Profit margin on sales reflects the relationship between net profit and sales revenue. Generally speaking, when sales revenue increases, net profit will also increase. However, in order to improve the profit margin on sales, it is necessary to increase sales revenue and reduce costs, so that the growth of net profit is higher than that of sales revenue. On the one hand, it is necessary to develop new products in the fierce competition environment to improve the market share. On the other hand, it is necessary to control the cost, ensure the quality and reduce the cost, such as administrative expenses, selling expenses and other period expenses.

Total assets turnover ratio reflects the ability to operate with assets. If the turnover of assets is slow, it will occupy a large amount of capital and increase the cost of capital. In order to improve the total assets turnover ratio, it is necessary to increase sales revenue or dispose assets. For the banking industry, there may be many long-term loans and non-performing assets, resulting in slow capital turnover. Therefore, banks should deal with lending business prudently, understand the economic strength of customers, and reduce the risk of assets turning into bad debts.

Equity multiplier reflects the size of financial leverage. Given the particularity of the banking industry, it is more necessary to make rational use of financial leverage. ICBC’s equity multiplier and total debt ratio show a downward trend on the whole, and its ability to operate with creditor capital is weakened. In fact, within the limits, the larger the equity multiplier of the bank, the better, which also shows the bank’s confidence in development.

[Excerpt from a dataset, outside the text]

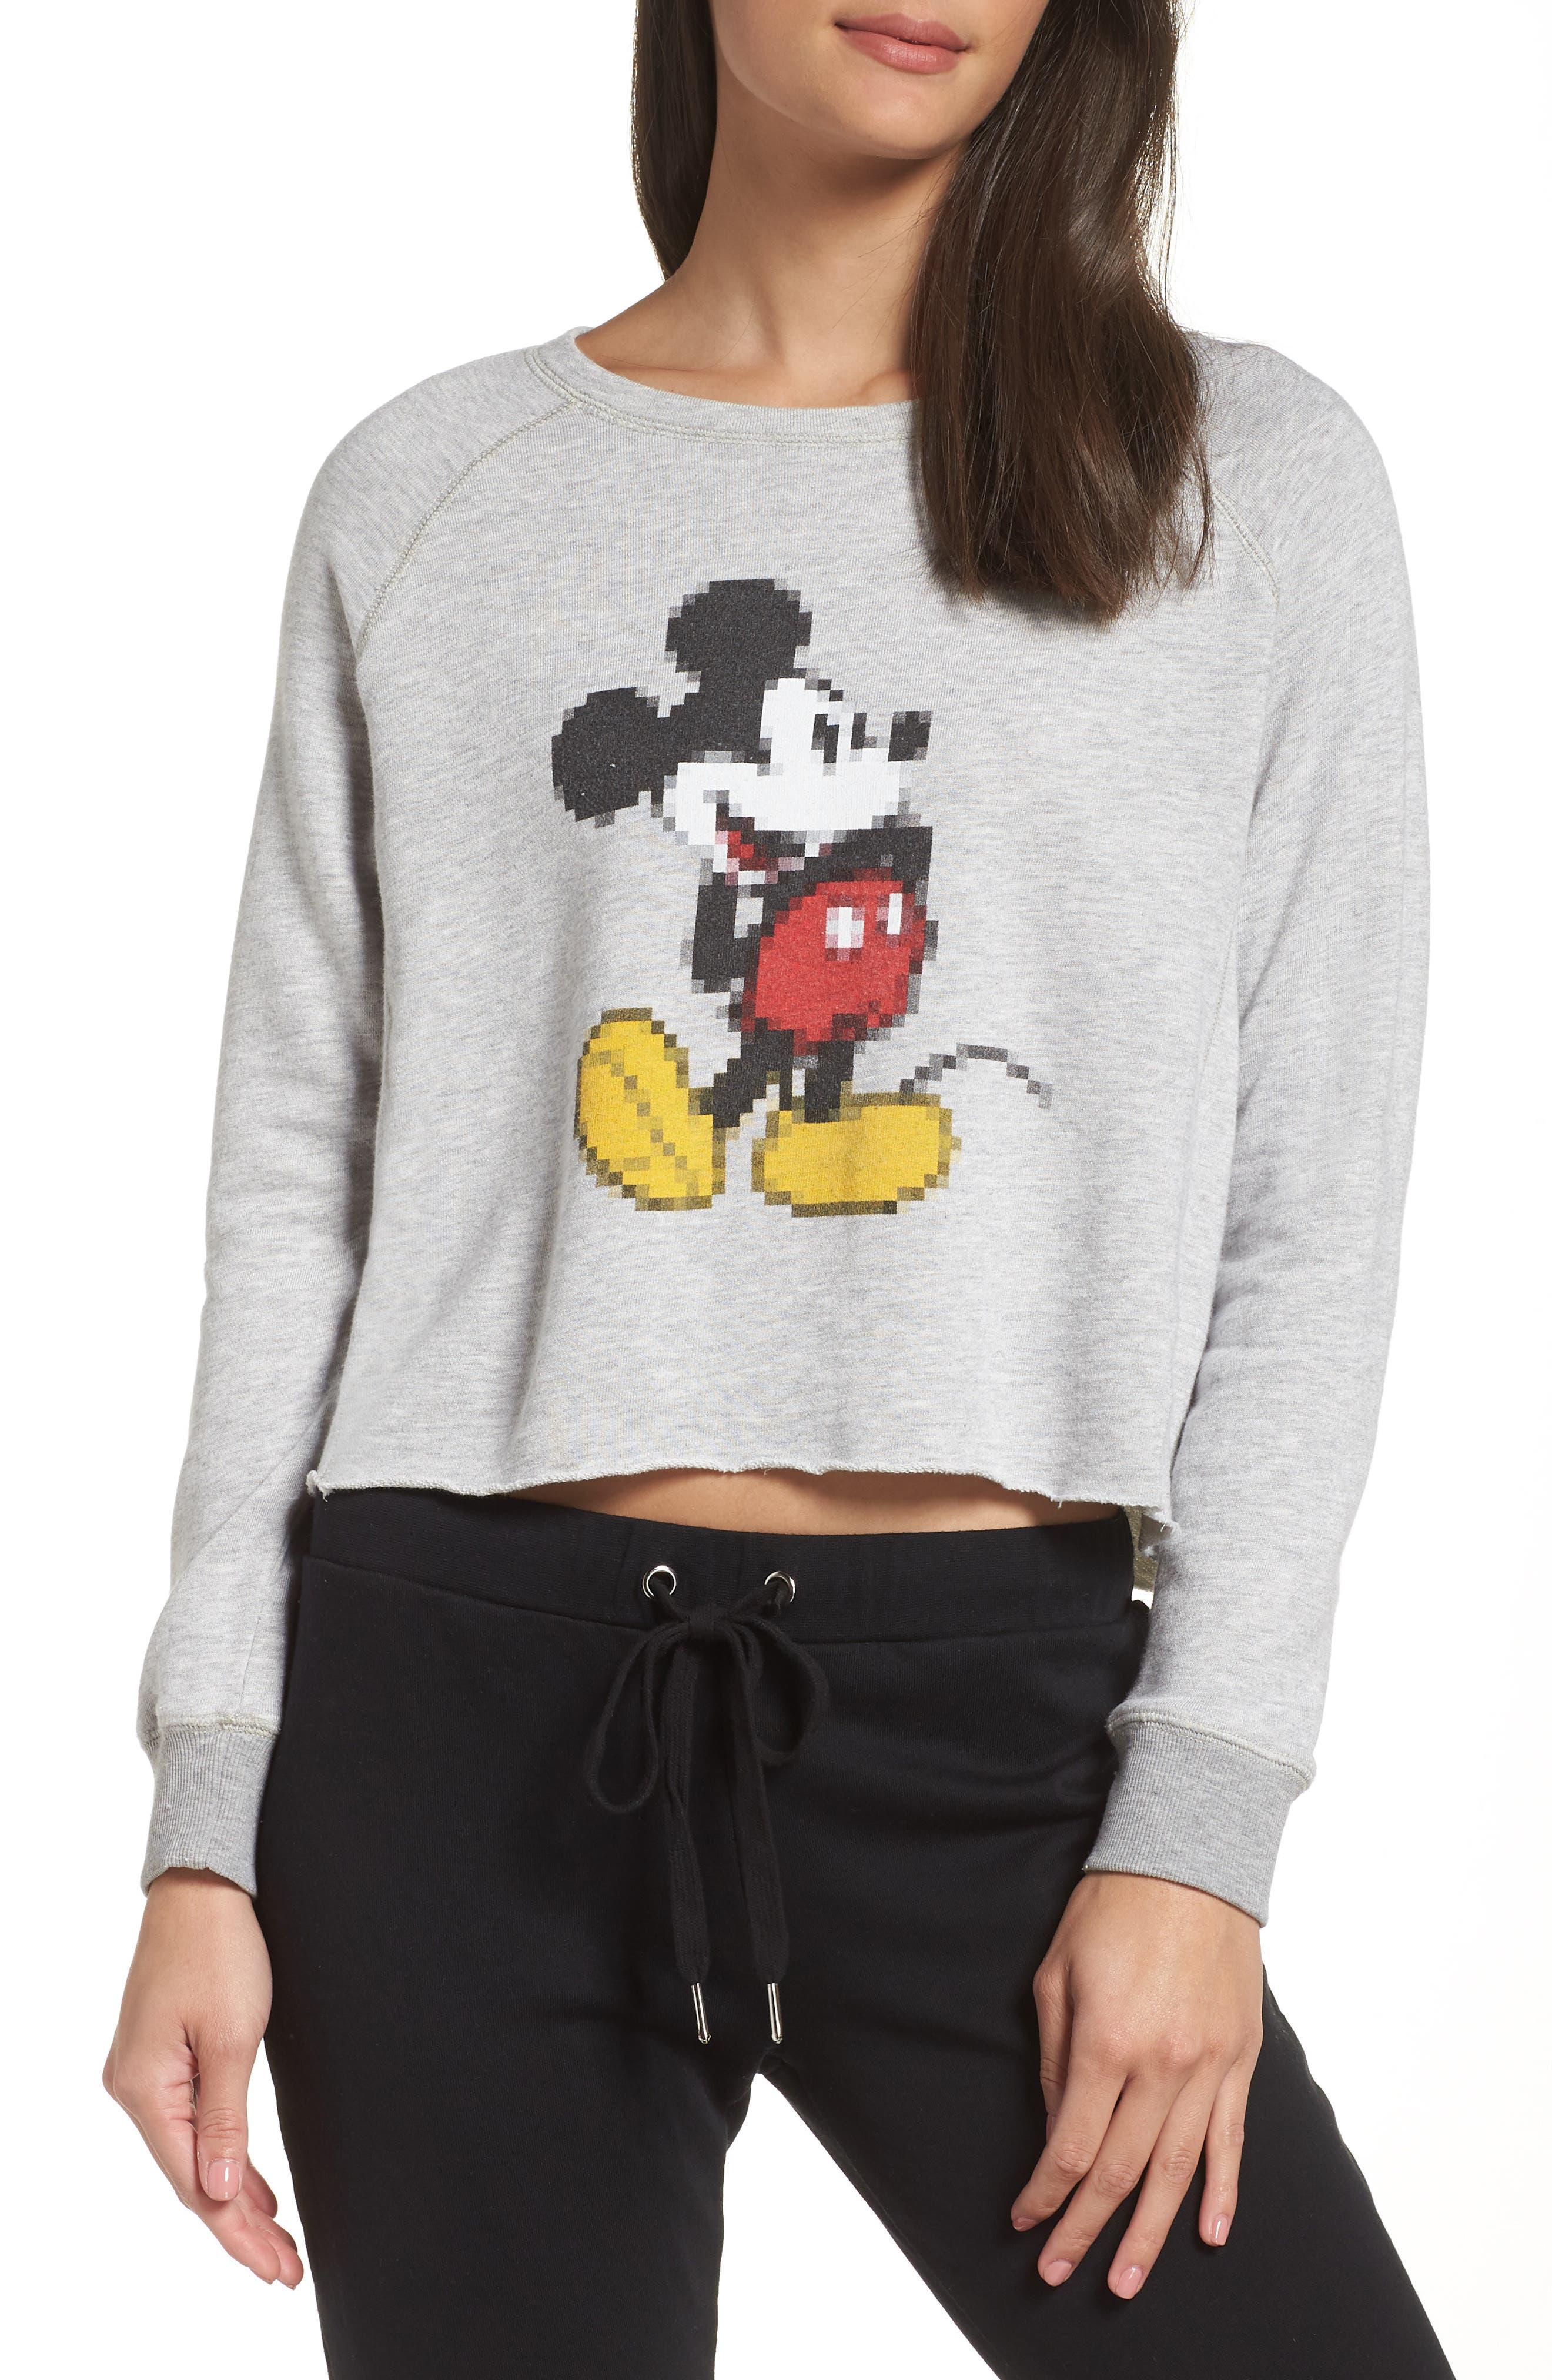 DAVID LERNER Disney Mickey Pixel Sweatshirt in Heather Grey/ Hea
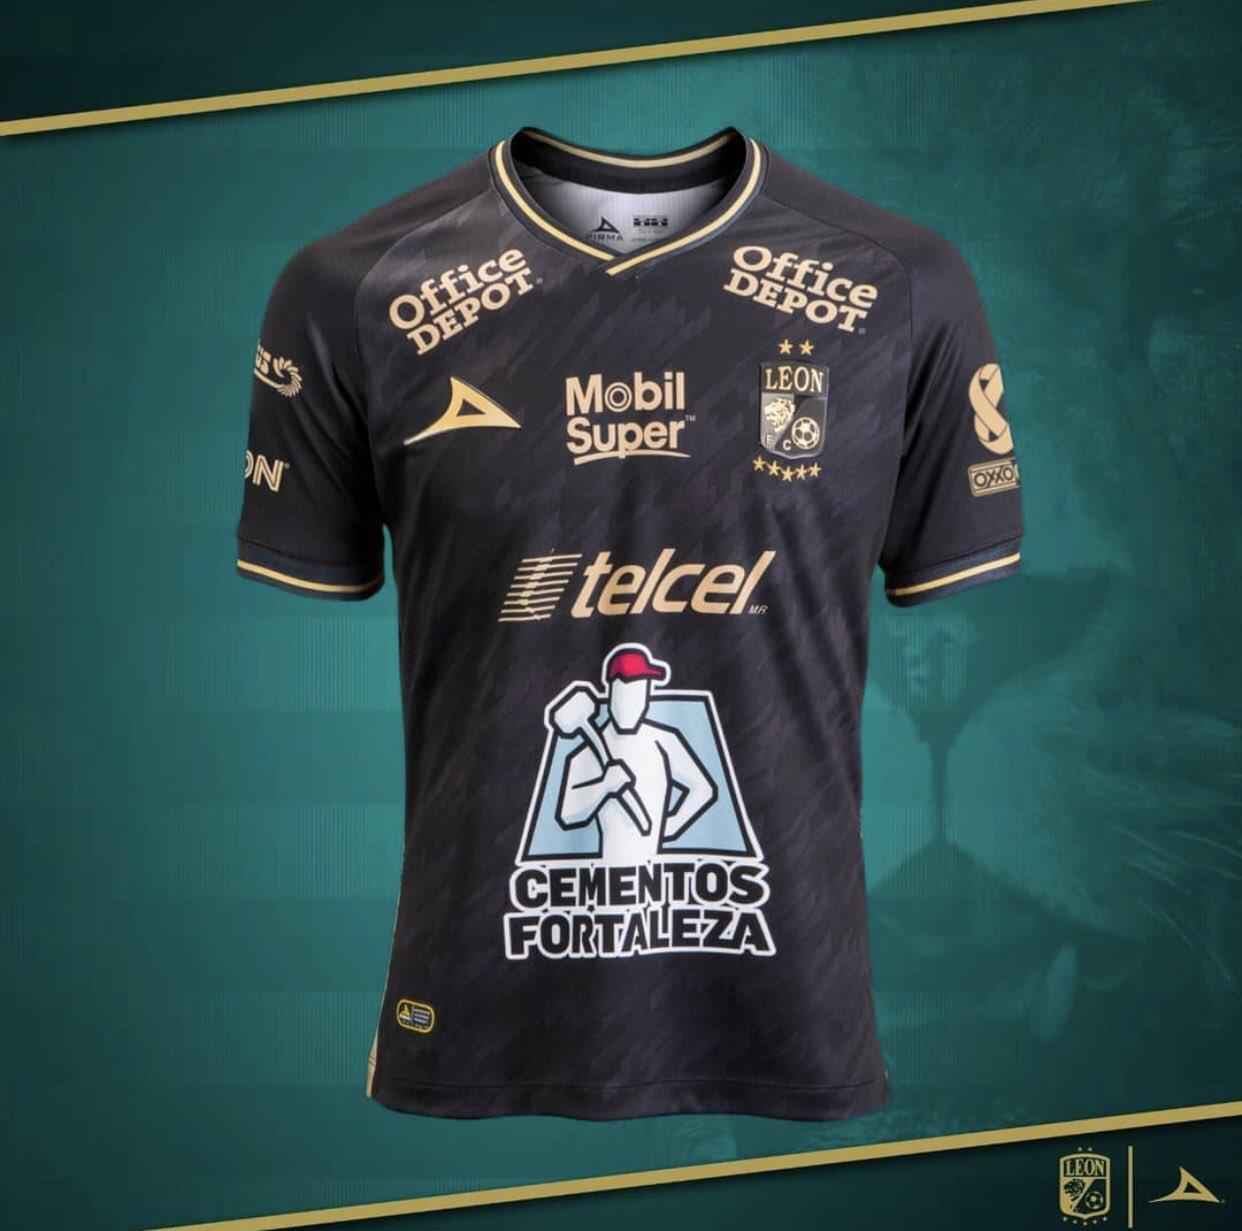 Camisas do Club León 2020-2021 Pirma Reserva

At present, there are various methods of bank performance evaluation, and different methods have different emphasis on evaluating enterprise performance, so it is necessary to choose appropriate methods according to the characteristics of the enterprise. The DuPont analysis adopted in this paper takes the ROE as the core, which reflects the profitability, solvency, operating ability and development ability of the enterprise, and can comprehensively evaluate the internal relationship of the enterprise. In the future research, we can also try to use other methods to evaluate the performance of ICBC, and then compare the evaluation results, so as to explore the most suitable performance evaluation mode for ICBC.